> **EXERCISE DIRECTIONS**
Return the listing below in full, exactly.

> **MATERIAL FOR THE TASK**
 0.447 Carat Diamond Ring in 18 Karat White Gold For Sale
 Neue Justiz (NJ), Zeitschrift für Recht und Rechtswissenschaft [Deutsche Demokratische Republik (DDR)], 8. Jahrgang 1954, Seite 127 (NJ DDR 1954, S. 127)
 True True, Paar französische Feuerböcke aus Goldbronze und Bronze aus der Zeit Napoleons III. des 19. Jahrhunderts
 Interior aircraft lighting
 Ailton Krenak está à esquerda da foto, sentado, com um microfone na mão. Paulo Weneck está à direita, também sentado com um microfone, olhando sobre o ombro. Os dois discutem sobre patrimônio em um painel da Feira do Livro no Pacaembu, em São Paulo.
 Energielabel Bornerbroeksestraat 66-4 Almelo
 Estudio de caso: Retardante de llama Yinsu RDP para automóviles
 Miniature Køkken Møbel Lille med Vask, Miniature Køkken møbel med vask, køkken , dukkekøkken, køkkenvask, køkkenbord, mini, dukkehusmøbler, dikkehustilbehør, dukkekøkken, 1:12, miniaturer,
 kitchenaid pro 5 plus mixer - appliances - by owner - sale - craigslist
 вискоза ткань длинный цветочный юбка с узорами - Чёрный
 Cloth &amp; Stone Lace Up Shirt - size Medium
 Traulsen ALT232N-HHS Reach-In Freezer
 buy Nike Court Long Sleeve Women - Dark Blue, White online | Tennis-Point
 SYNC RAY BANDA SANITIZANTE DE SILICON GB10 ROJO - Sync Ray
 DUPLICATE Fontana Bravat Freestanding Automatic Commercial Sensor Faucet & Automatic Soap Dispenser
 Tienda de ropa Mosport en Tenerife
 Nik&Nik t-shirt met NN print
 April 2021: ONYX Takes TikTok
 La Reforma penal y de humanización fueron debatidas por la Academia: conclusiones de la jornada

> **FINISHED EXERCISE**
 0.447 Carat Diamond Ring in 18 Karat White Gold For Sale
 Neue Justiz (NJ), Zeitschrift für Recht und Rechtswissenschaft [Deutsche Demokratische Republik (DDR)], 8. Jahrgang 1954, Seite 127 (NJ DDR 1954, S. 127)
 True True, Paar französische Feuerböcke aus Goldbronze und Bronze aus der Zeit Napoleons III. des 19. Jahrhunderts
 Interior aircraft lighting
 Ailton Krenak está à esquerda da foto, sentado, com um microfone na mão. Paulo Weneck está à direita, também sentado com um microfone, olhando sobre o ombro. Os dois discutem sobre patrimônio em um painel da Feira do Livro no Pacaembu, em São Paulo.
 Energielabel Bornerbroeksestraat 66-4 Almelo
 Estudio de caso: Retardante de llama Yinsu RDP para automóviles
 Miniature Køkken Møbel Lille med Vask, Miniature Køkken møbel med vask, køkken , dukkekøkken, køkkenvask, køkkenbord, mini, dukkehusmøbler, dikkehustilbehør, dukkekøkken, 1:12, miniaturer,
 kitchenaid pro 5 plus mixer - appliances - by owner - sale - craigslist
 вискоза ткань длинный цветочный юбка с узорами - Чёрный
 Cloth &amp; Stone Lace Up Shirt - size Medium
 Traulsen ALT232N-HHS Reach-In Freezer
 buy Nike Court Long Sleeve Women - Dark Blue, White online | Tennis-Point
 SYNC RAY BANDA SANITIZANTE DE SILICON GB10 ROJO - Sync Ray
 DUPLICATE Fontana Bravat Freestanding Automatic Commercial Sensor Faucet & Automatic Soap Dispenser
 Tienda de ropa Mosport en Tenerife
 Nik&Nik t-shirt met NN print
 April 2021: ONYX Takes TikTok
 La Reforma penal y de humanización fueron debatidas por la Academia: conclusiones de la jornada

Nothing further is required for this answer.